» **WHAT TO WORK ON**:
Copy out the lines beginning at the one with "36766 035 - Stamp" and ending at the last line of the data, both included; pictures stay out.
DATA SECTION Start Marker
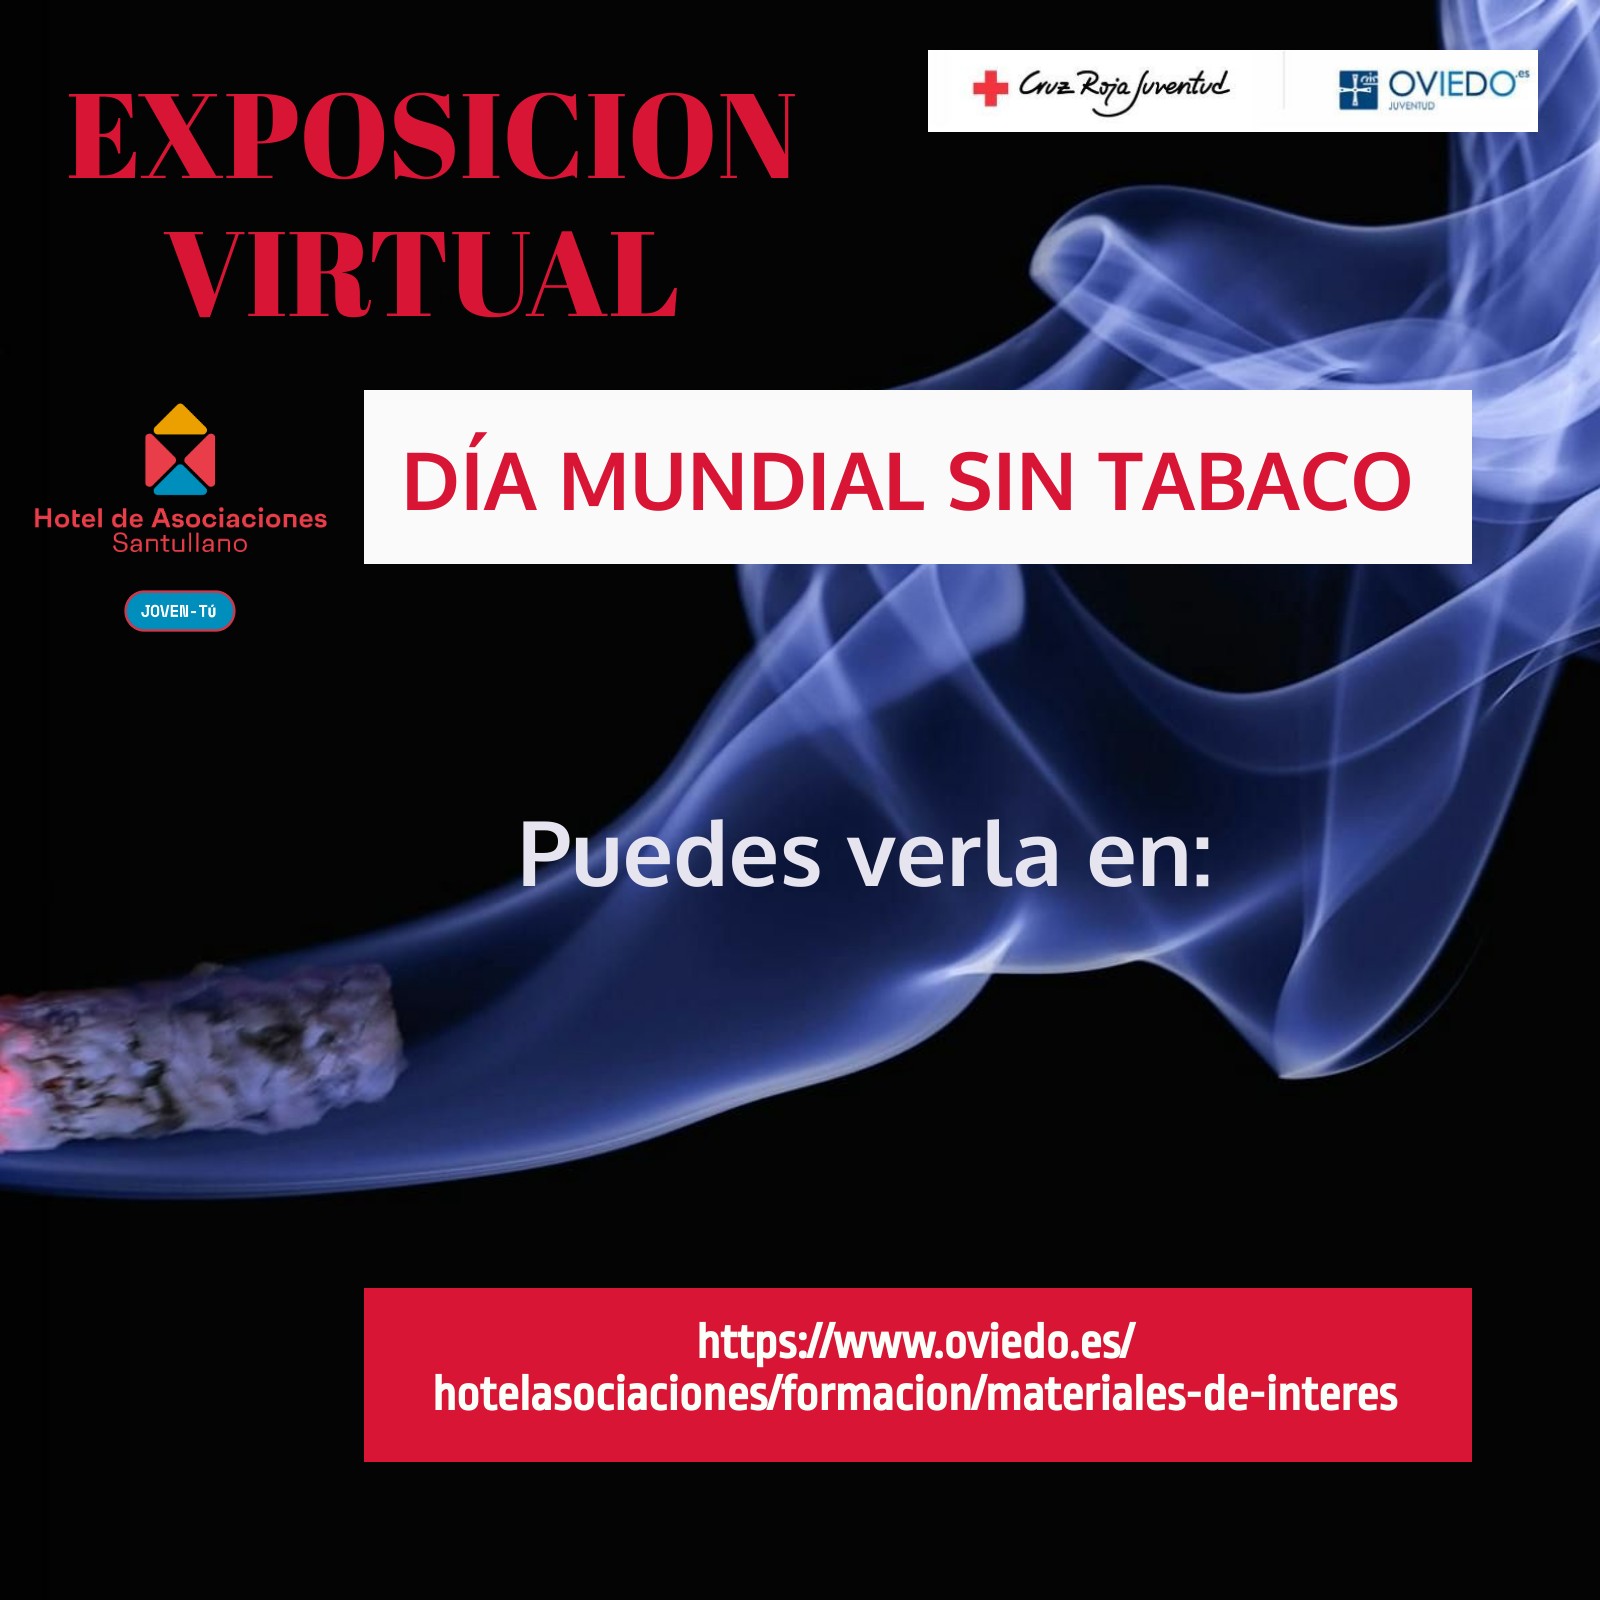 Exposicion virtual Día mundial sin tabaco
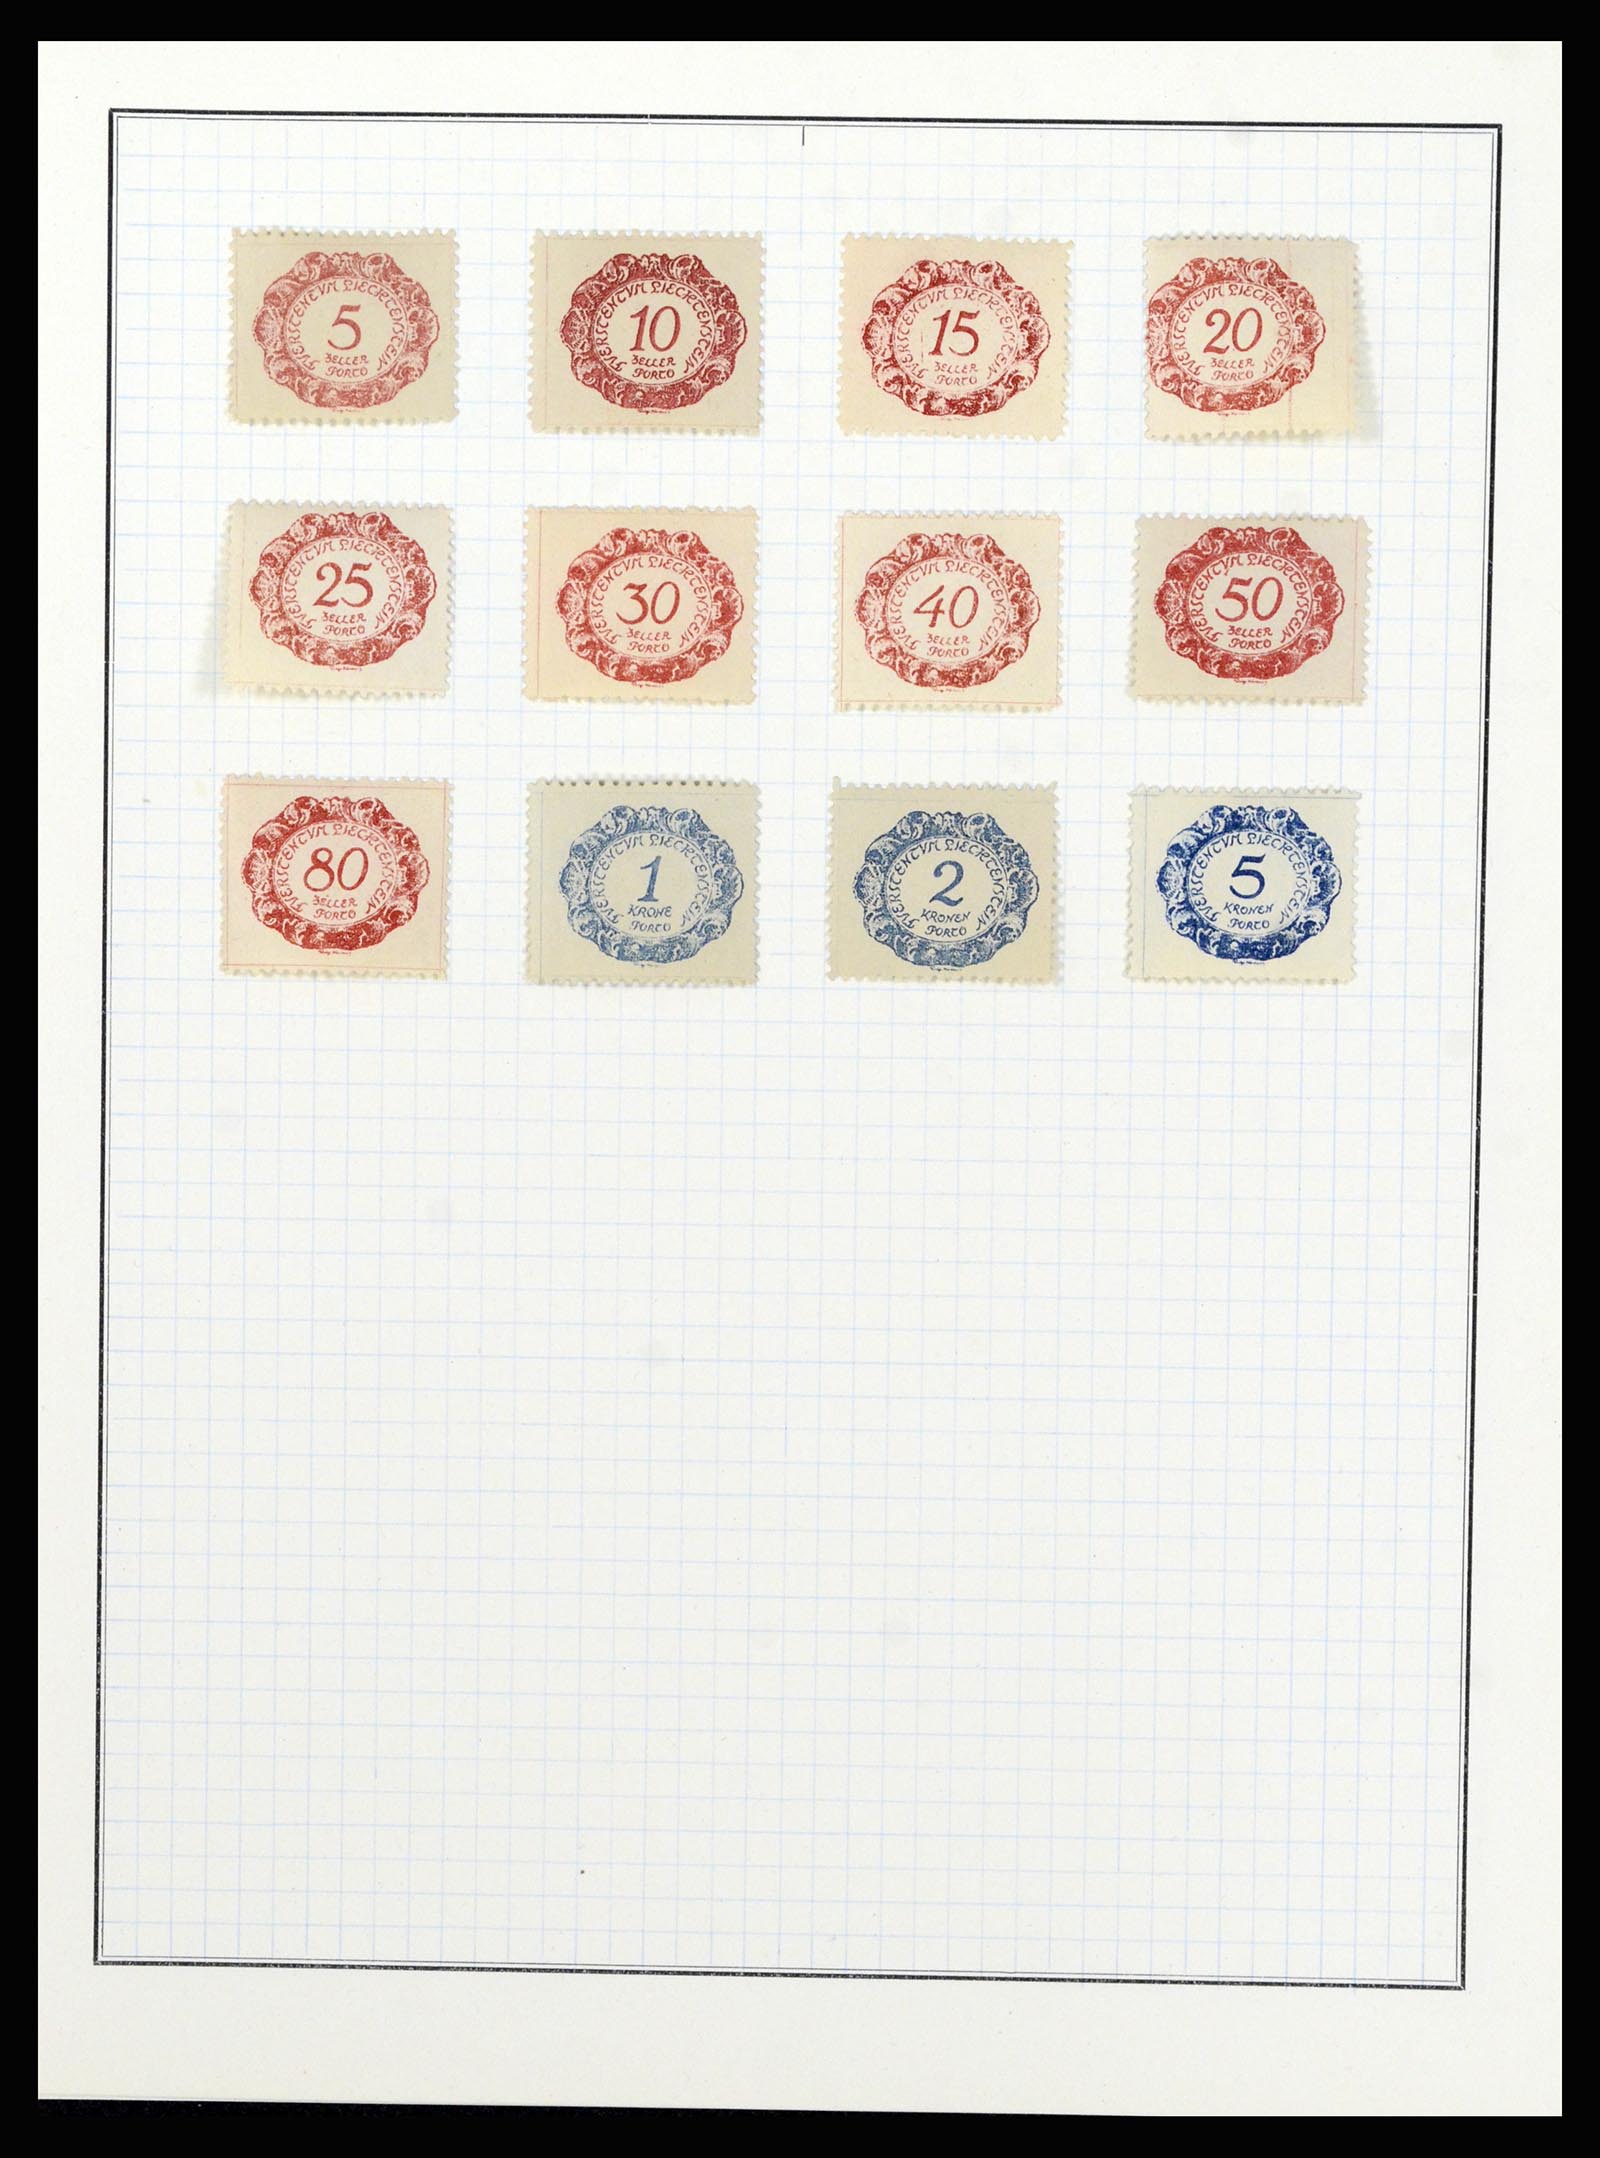 36766 035 - Stamp collection 36766 Liechtenstein 1912-1955.
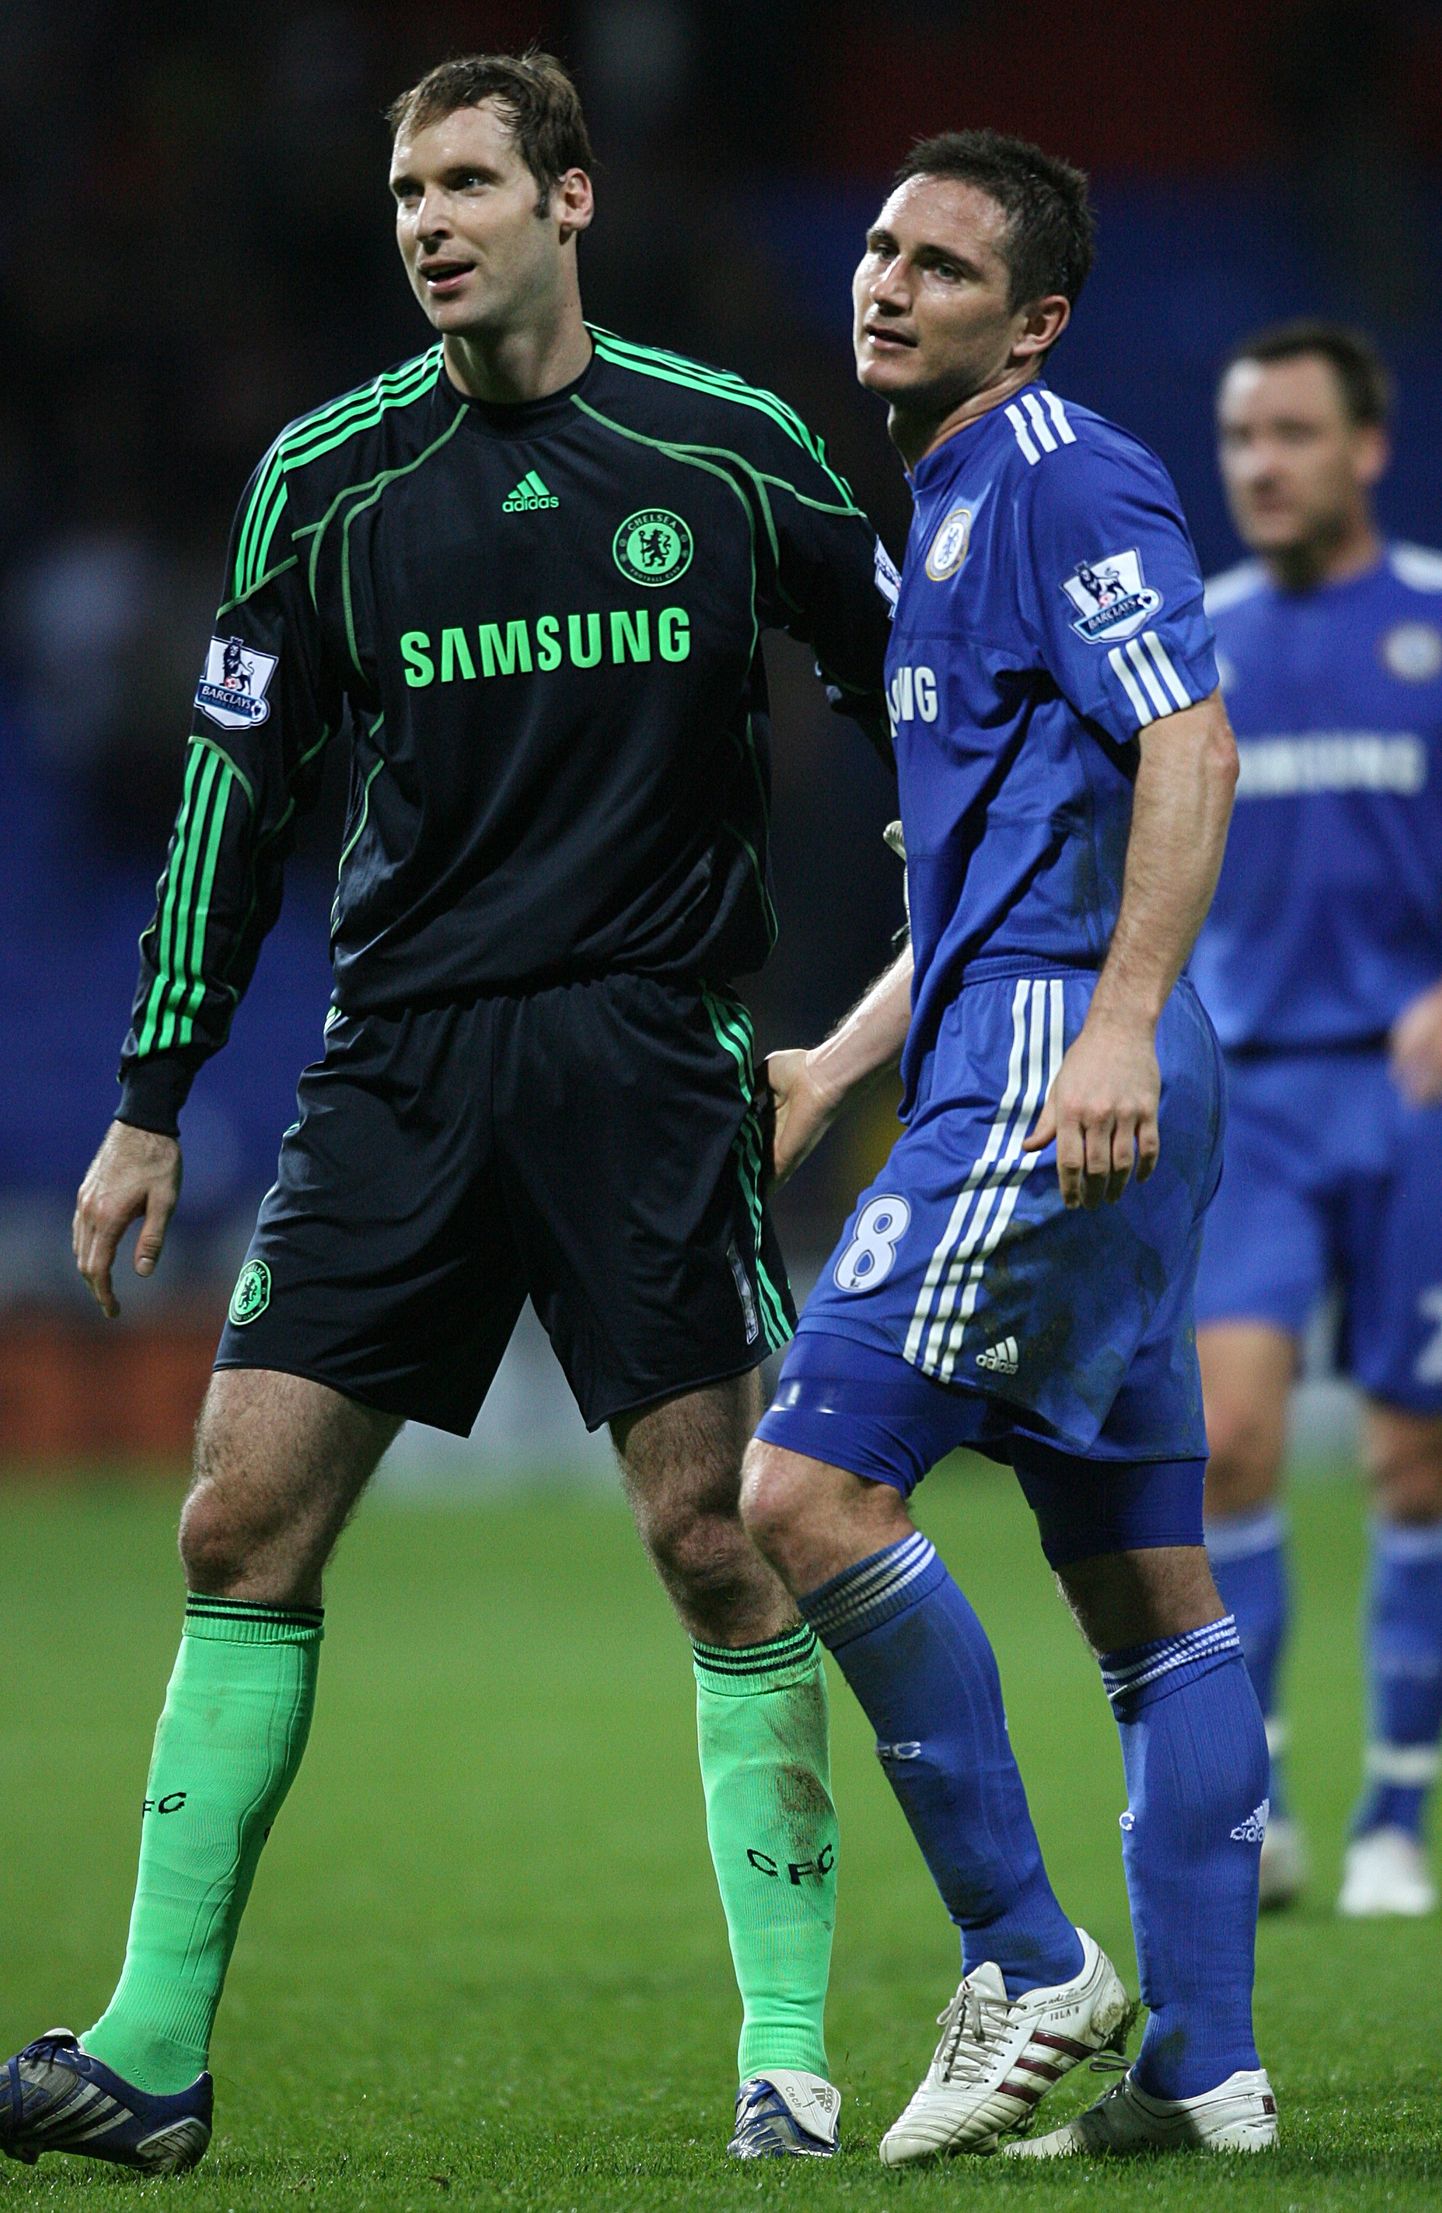 Chelsea legendid Petr Cech ja Frank Lampard võivad varsti jälle koostööd teha.
DATA SECTION End Marker
» **SOLVED EXERCISE**:
 36766 035 - Stamp collection 36766 Liechtenstein 1912-1955.
 Chelsea legendid Petr Cech ja Frank Lampard võivad varsti jälle koostööd teha.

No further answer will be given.